“Sudan risks disintegrating”: in Paris, the international community sounds the alarm

Highlight horrors overshadowed by other conflicts. The international community, meeting this Monday, April 15 in Paris during a humanitarian conference for Sudan, urged to break the taboo surrounding the war which has been raging for a year in this country and called for the coordination of the various mediations to put an end to this devastating conflict. “For a year, the Sudanese have been victims of a terrible war […] which produces only chaos and suffering,” lamented the French Minister of Foreign Affairs, Stéphane Séjourné, believing that the Sudanese were “victims of oblivion and of indifference.” He therefore called for “breaking the silence surrounding this conflict and mobilizing the international community”.

More than 2 billion euros were pledged during this conference, co-chaired by France, Germany and the European Union. “In total, we can announce that more than 2 billion euros will be mobilized,” declared French President Emmanuel Macron, specifying that before Monday’s meeting, only 190 million commitments had been recorded. Of the 2 billion, the member countries of the European Union will contribute 900 million euros, including 110 million by France. The event is divided into three components: a political component with the participation mainly of ambassadors and foreign ministers (South Sudan, Djibouti, Kenya, Chad in particular), a humanitarian component to collect donations and a meeting of a forty members of Sudanese civil society.

This conference is being held while eyes are on the situation in the Middle East after Iran’s attack on Israel, underlined German Minister Annalena Baerbock. However, the international community must not ignore the war in Sudan which has caused a catastrophic humanitarian crisis, she declared, referring to the “unspeakable suffering” and the feeling of abandonment of the Sudanese, victims of the war that lead “two ruthless generals”. War broke out on April 15, 2023 between forces loyal to army chief Abdel Fattah al-Burhane and those of Mohamed Hamdane Daglo, his former deputy and commander of the rapid support paramilitary forces. The multiple mediation initiatives have remained ineffective, she continued, calling “to work for better coordination” and to “act in concert to bring the belligerents to the negotiating table and achieve a ceasefire “.

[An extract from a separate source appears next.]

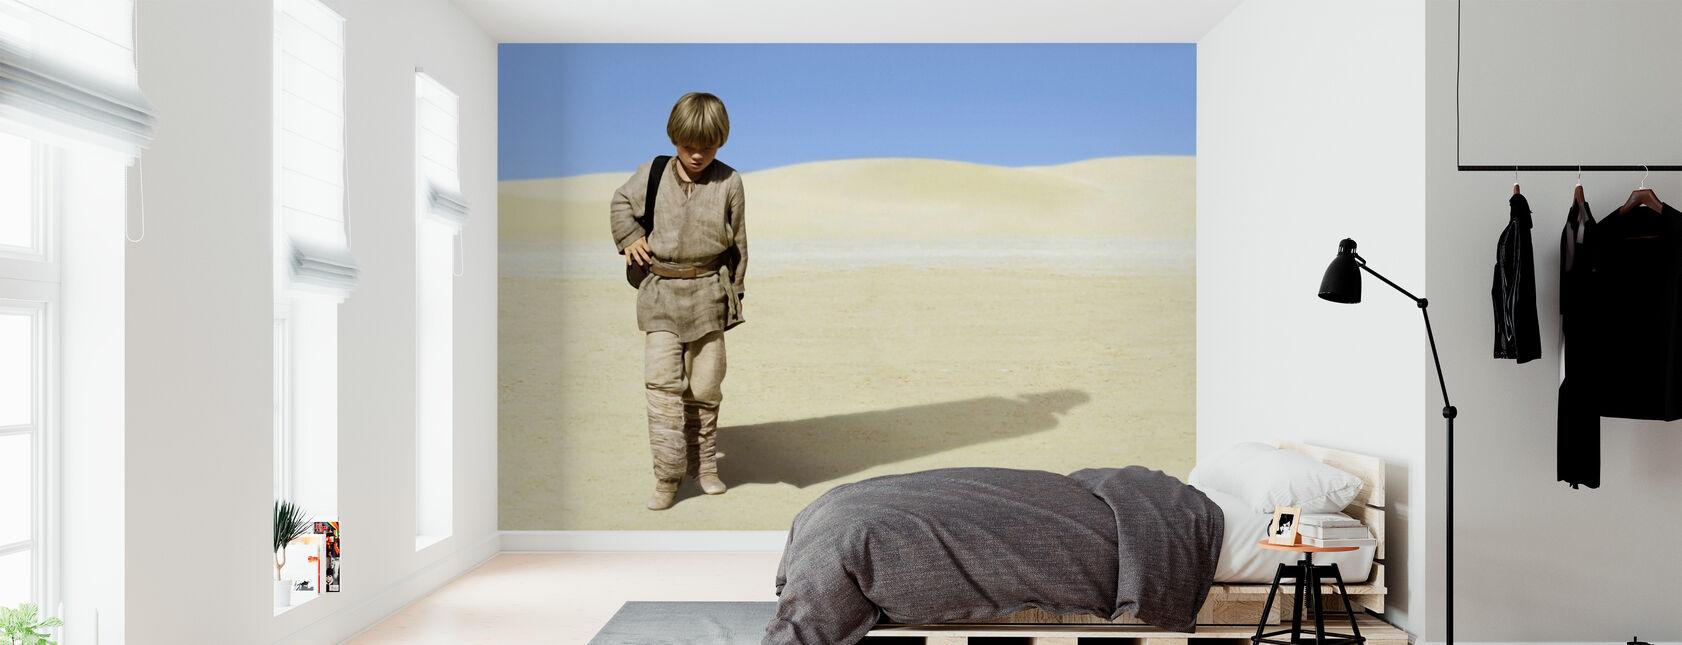 Star Wars - Unge Anakin Skywalker 1 - Tapet - Soveværelse

“Only international pressure” will push the belligerents to negotiate, added the head of European diplomacy Josep Borrell. “Beyond financing, we must put pressure so that there is an immediate ceasefire because if we continue like this, in a year, Sudan risks disintegrating,” warned the head of Chadian diplomacy, Mahamat Saleh Annadif. And the risk is to destabilize the entire Horn of Africa, the war having pushed many Sudanese to take refuge in neighboring countries. More than 3.4 million people are in “urgent” need of a humanitarian response in Chad, according to Action Against Hunger (ACF).

Concerning “use of children”


The food crisis in Sudan could be “the biggest ever”, warned the executive director of the World Food Program (WFP), Cindy McCain. In addition to starvation, civilians are victims of “massive sexual violence, large-scale ethnic massacres and executions,” lamented Will Carter, the Sudan director of the Norwegian Refugee Council.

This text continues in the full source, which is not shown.